Chat and Agent Interactions:
- Workspaces support both conversational and query-based interactions. In conversation mode, the AI retains context from previous messages within the workspace. In query mode, it provides direct answers based on document content.
- AI agents, when invoked (e.g., via @agent), operate within the workspace’s context and can perform tasks like summarizing documents, scraping websites, or generating charts, all while respecting the workspace’s boundaries.
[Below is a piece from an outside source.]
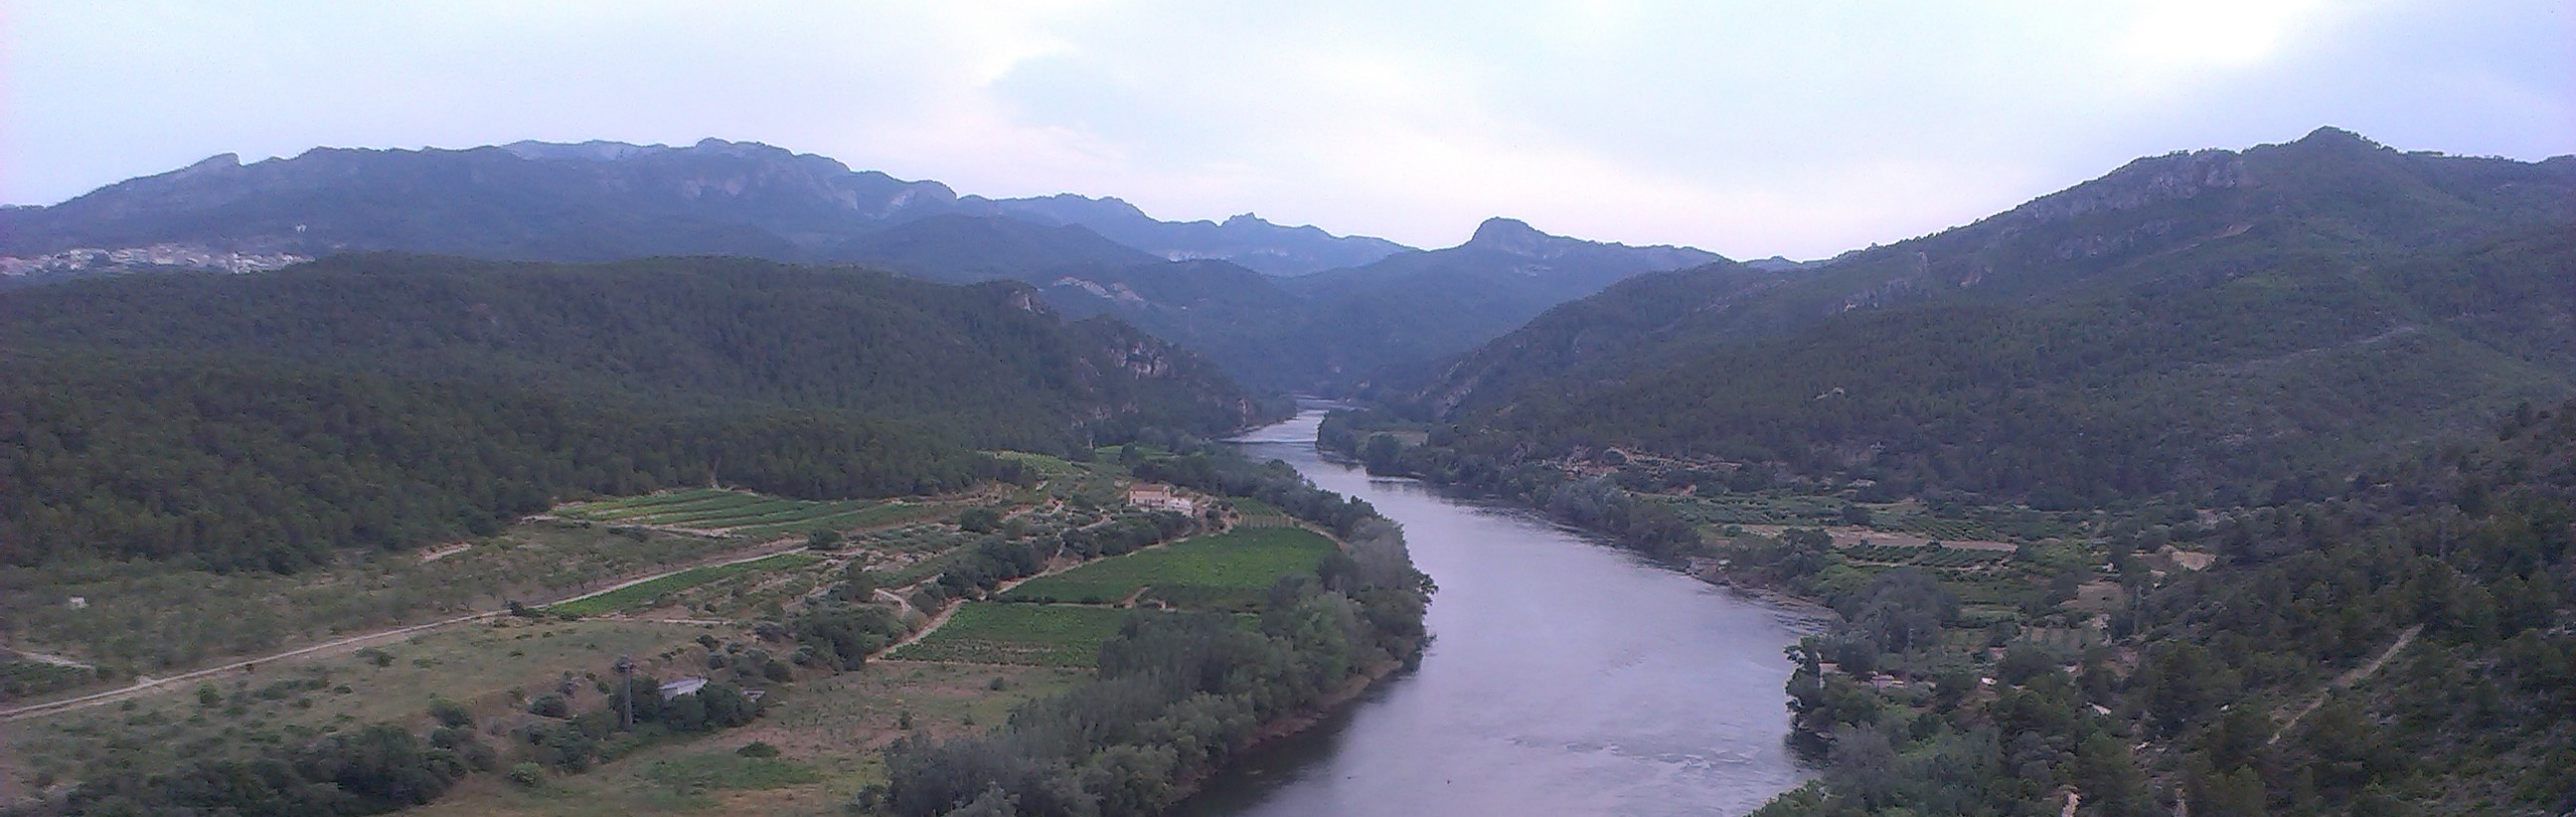 La Confederación Hidrográfica del Ebro

Benefits of the Workspace Concept

Organization: Workspaces provide a structured way to manage documents and conversations, making it easier to handle multiple projects or topics without overlap.
Efficiency: Vector caching and document sharing reduce computational overhead, as embeddings are reused rather than recomputed.
Flexibility: Users can tailor each workspace to specific needs, from model selection to prompt design, enabling diverse use cases within a single application.
Scalability: Workspaces support collaboration through multi-user permissions, allowing teams to work on shared projects while maintaining control over access.
Privacy: The segregation of workspaces ensures that sensitive data remains confined to its intended context, enhancing security.

Use Case Examples

Academic Research: A researcher creates a workspace for each paper or topic, embedding relevant articles and notes. Queries within the workspace yield precise answers based only on those materials.
Team Collaboration: A marketing team uses one workspace for campaign planning and another for competitor analysis, with each workspace containing relevant documents and custom prompts.
Personal Knowledge Management: An individual creates workspace for recipes, travel plans, and work notes, keeping each domain separate for clarity.